Open-ended evaluation relies on a single LLM (DeepSeek-V3.2-Exp). Although it aligns well with human judgment (\(\rho > 0.78\)), the evaluator's own limitations in visual understanding might affect scoring. ⚠️ Due to differences in difficulty and answer budgets across dimensions, direct comparison of scores across different dimensions should be done with caution.
It is purely an evaluation benchmark and lacks training sets or solutions: While it precisely identifies bottlenecks such as long-tail generalization, cross-evidence integration, and fine-grained perception, solving these issues is left to future work.

vs PMC-VQA / OmniMedVQA / GMAI-MMBench: These benchmarks pursue scale and broad coverage (OmniMedVQA with 128k questions, GMAI-MMBench with 21k questions), but their question types stop at perception-level VQA, are automatically annotated, and lack fine-grained capability assessments. Med-CMR has a comparable volume (20.7k questions) yet achieves wide coverage, challenging tasks, and fine-grained evaluation simultaneously using a hybrid "automated + human" annotation.
vs MedXpertQA-MM / HIE-Reasoning: While these have begun addressing complex reasoning (with challenging tasks), the former lacks fine-grained evaluation, and the latter has narrow coverage (only 133 images). Med-CMR further decomposes reasoning complexity into 7 dimensions and couples it with a dual-question-type protocol.

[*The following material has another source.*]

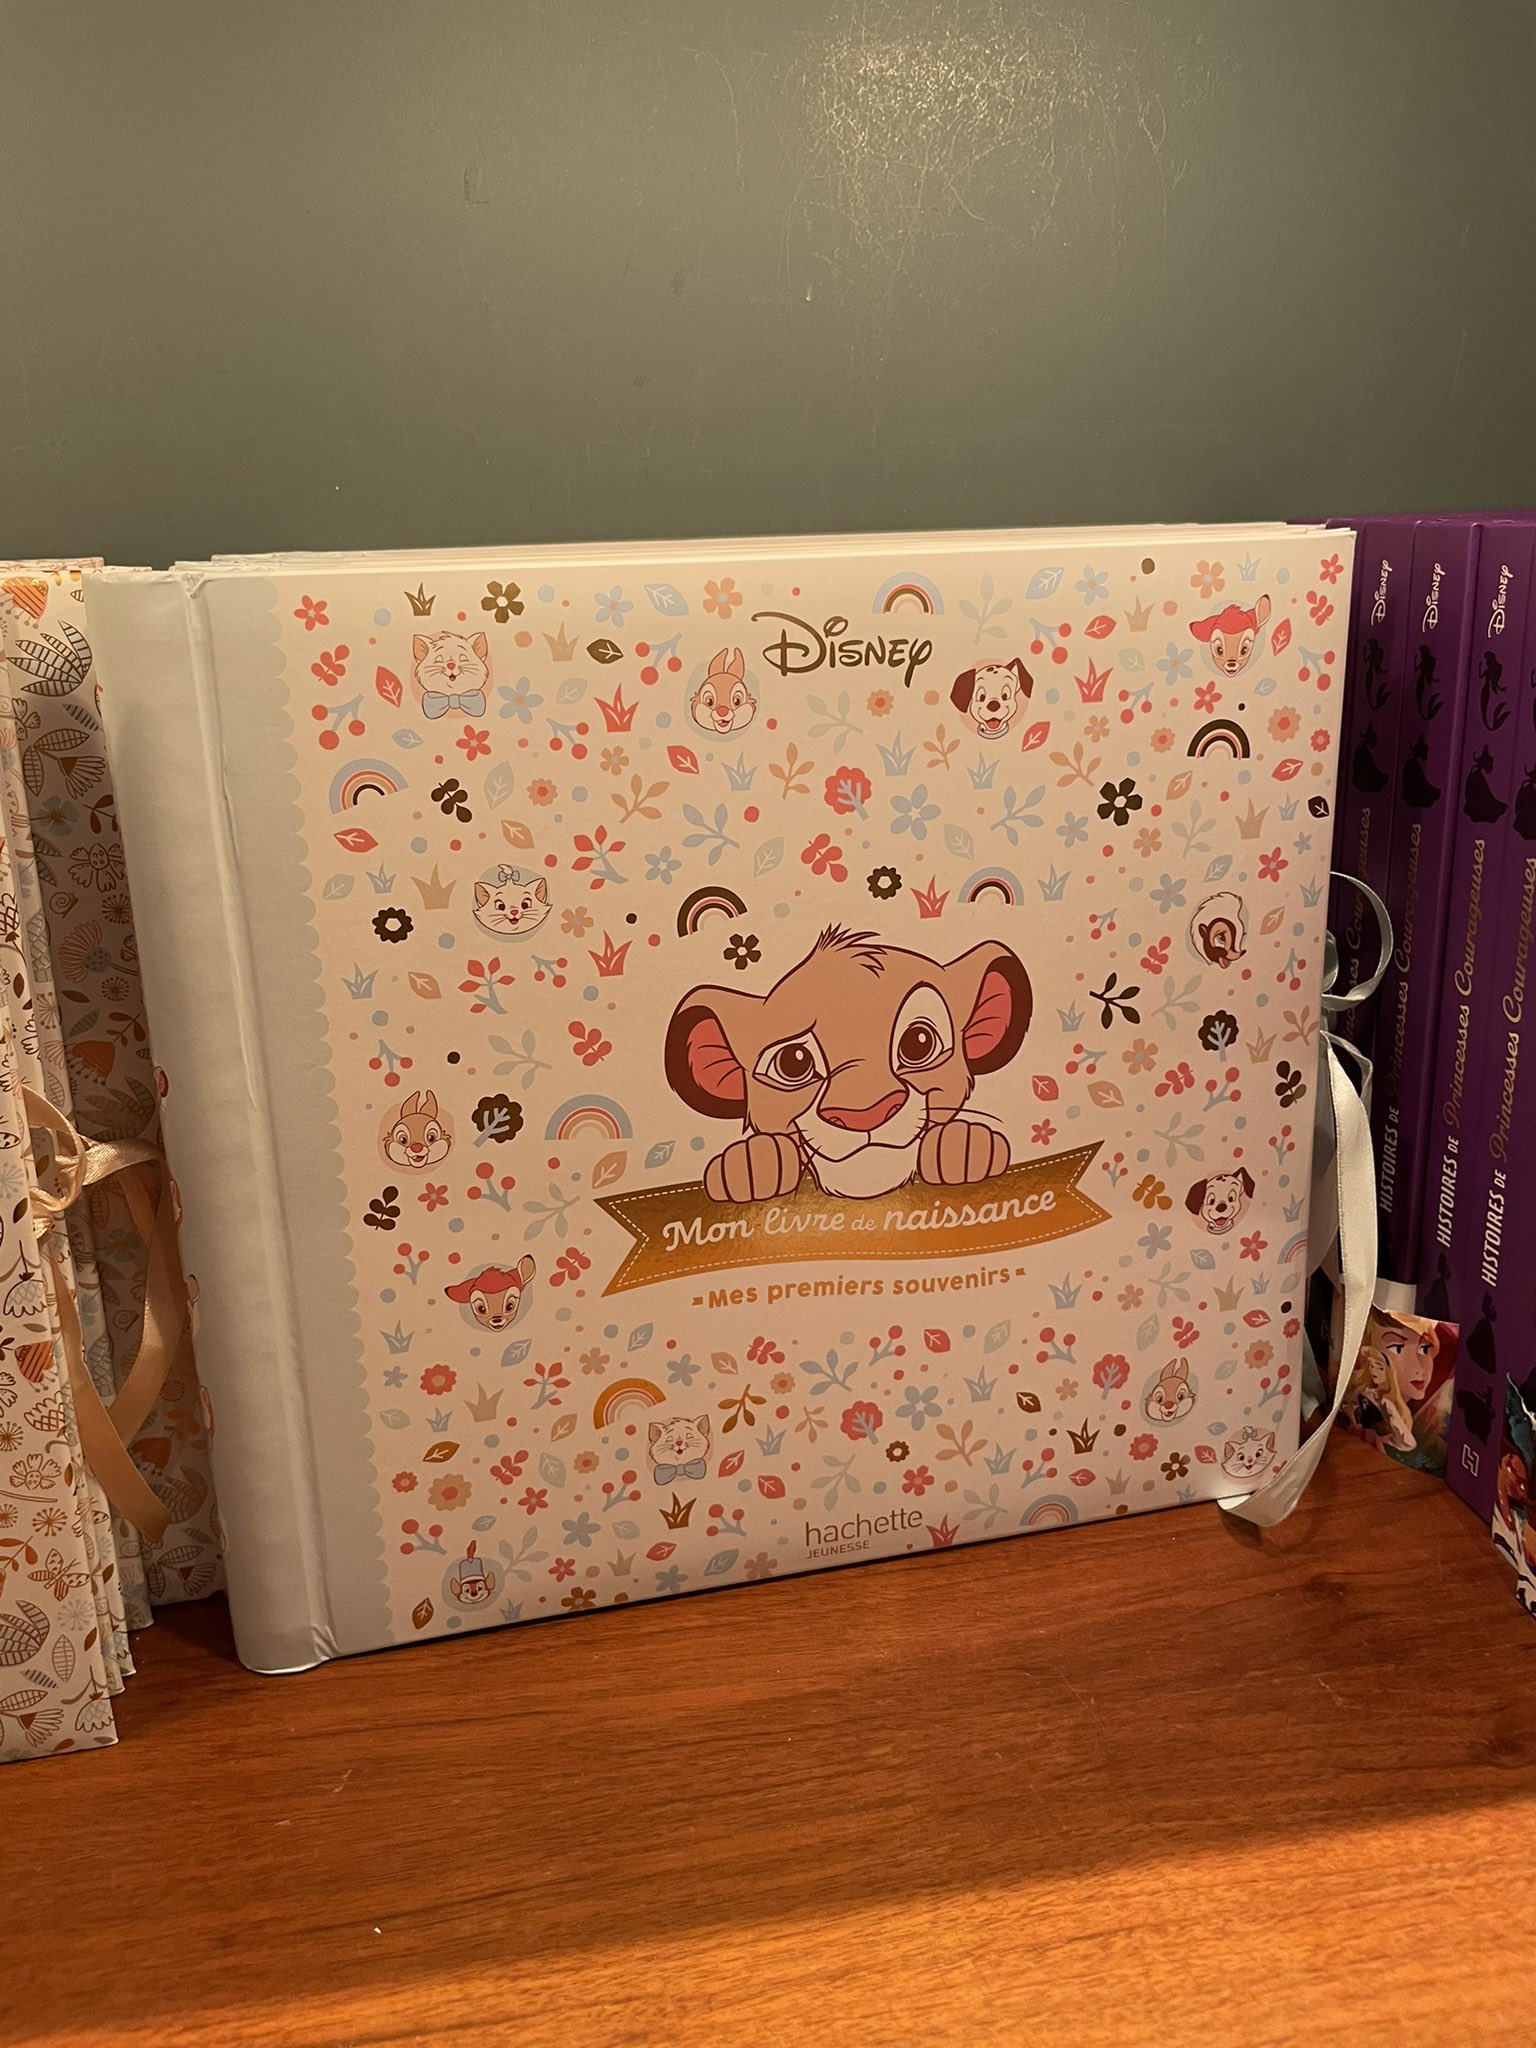 DISNEY - Mon livre de naissance, mes premiers souvenirs (Dumbo

vs General MLLM Evaluation: The unique contribution of Med-CMR is explicitly decoupling and evaluating "visual evidence" and "clinical logic." This paradigm of "capability decomposition + weighted LLM-as-Judge" is highly transferable to other vertical benchmarks highlighting multi-step reasoning and evidence grounding (such as law, finance, and engineering diagrams).

Rating¶

Novelty: ⭐⭐⭐⭐ The first benchmark to decompose medical multimodal reasoning into a 7-dimensional fine-grained evaluation. The combination of capability decomposition and weighted evaluation is innovative, though individual techniques are mostly mature components assembled together.
Experimental Thoroughness: ⭐⭐⭐⭐⭐ Evaluates 18 MLLMs with multiple analyses including scale correlation, medical fine-tuning pairwise analysis, error attribution, and human-machine alignment, providing extremely comprehensive coverage.

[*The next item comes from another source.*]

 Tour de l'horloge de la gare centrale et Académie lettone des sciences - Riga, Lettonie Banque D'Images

Writing Quality: ⭐⭐⭐⭐ Clear logic where motivation, design, and findings are well-aligned. Some pipeline details require referring to the supplementary materials.
Value: ⭐⭐⭐⭐⭐ Provides a stress test and reliable yardstick for Medical MLLMs with dimension-by-dimension diagnostics. Identifying shortfalls in long-tail generalization and visual reasoning provides strong guidance for subsequent research.